Staats suggests that Kalas is particularly popular with female audiences. "Any time he's in any kind of a party deck, it's a recurring theme that he's surrounded by 10 to 20 young ladies who are absolutely giddy just to be in his presence," says Staats. "We see that frequently."

Most important, though, is Kalas' palpable enthusiasm for his work, as when he lists his favorite moments on the job (his pre-game interview with Hank Aaron; his post-game interview with Wade Boggs after his 3,000th hit; that momentous ALCS Game Seven in 2008), or his favorite Ray interviewee, Jonny Gomes: "In the history of the team, the best guy on camera, just because he was so off-the-wall." He's also not afraid to express his concerns about attendance and the future of the Trop.

He describes the crowds currently attending games as "nice," but not what should be expected for an American League Championship team, and that at some point the team will end up playing closer to the bridges or maybe even in Tampa to get closer to the center of the population base. While he says the ideal site does not necessarily have to be in Hillsborough County, it is clear he feels that a new ballpark needs to be more accessible to its residents. Kalas loves Tropicana Field and thinks the facility is very underrated, but says it's not in the right location.

"On one side to the east, you have water. To the south you have water. To the north you have Pinellas County, but then you have a lot more people across the other side of the bridge, in Hillsborough... You may lose a few people from Sarasota-Bradenton [if the site changes], but I think the positives by far outweigh the negatives."

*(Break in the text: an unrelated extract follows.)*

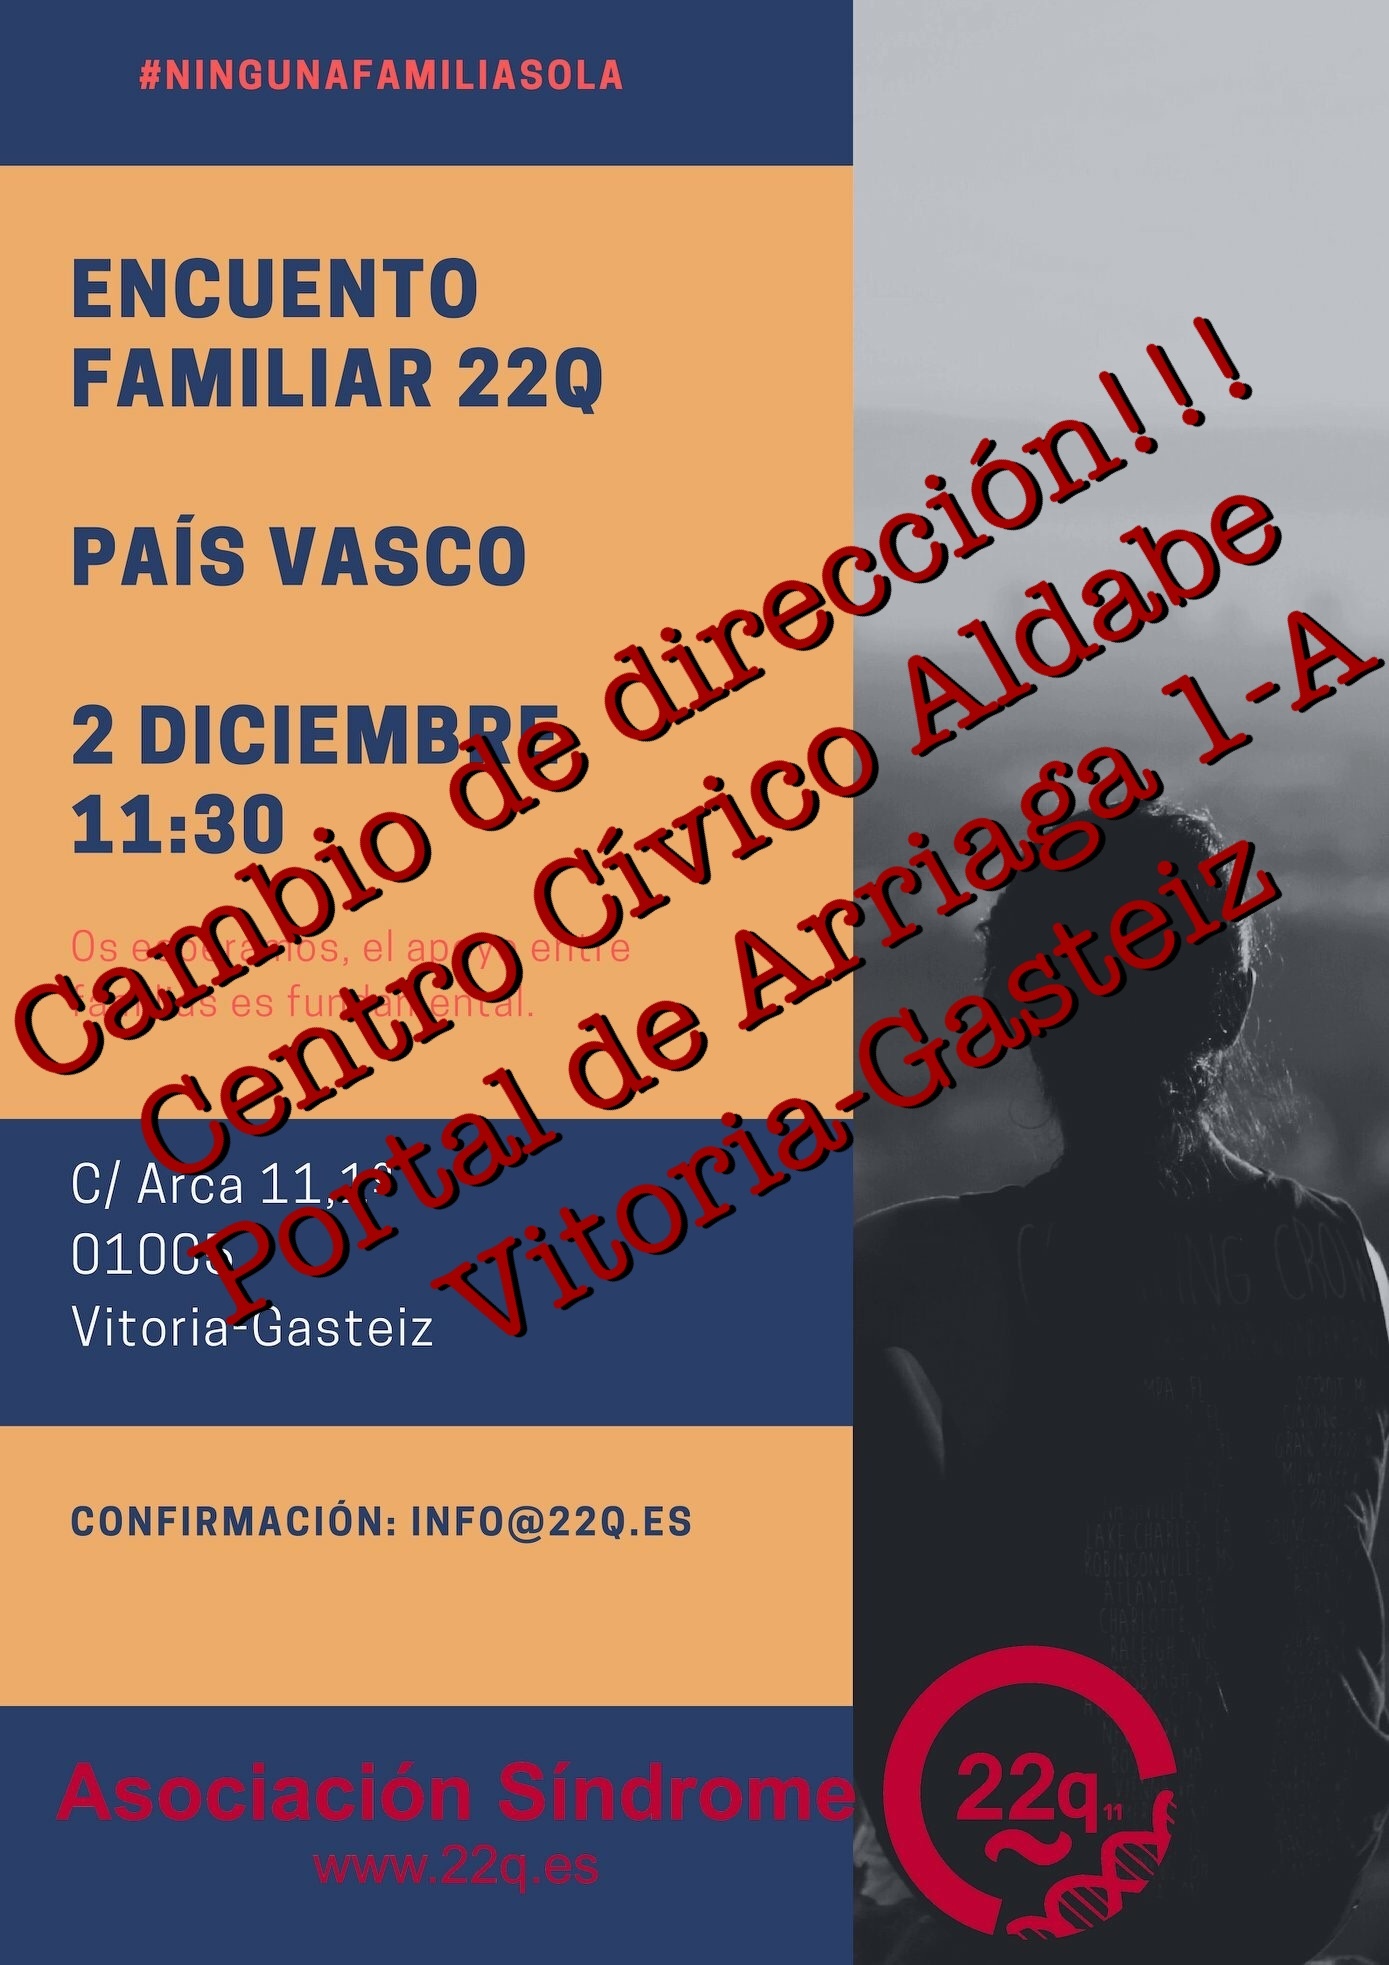 Encuentro Familiar 22q en el País Vasco

Whether or not the Rays move, a question remains for Kalas. With his play-by-play aspirations, how long will it be before he gets snatched up by some other town?

To recap for any heads of broadcasting who may be interested in hiring a talented and professional play-by-play man to call Major League Baseball games, Todd Kalas is not interested.

OK, he never said that.

But his fans in Tampa Bay (including this one) hope he's not.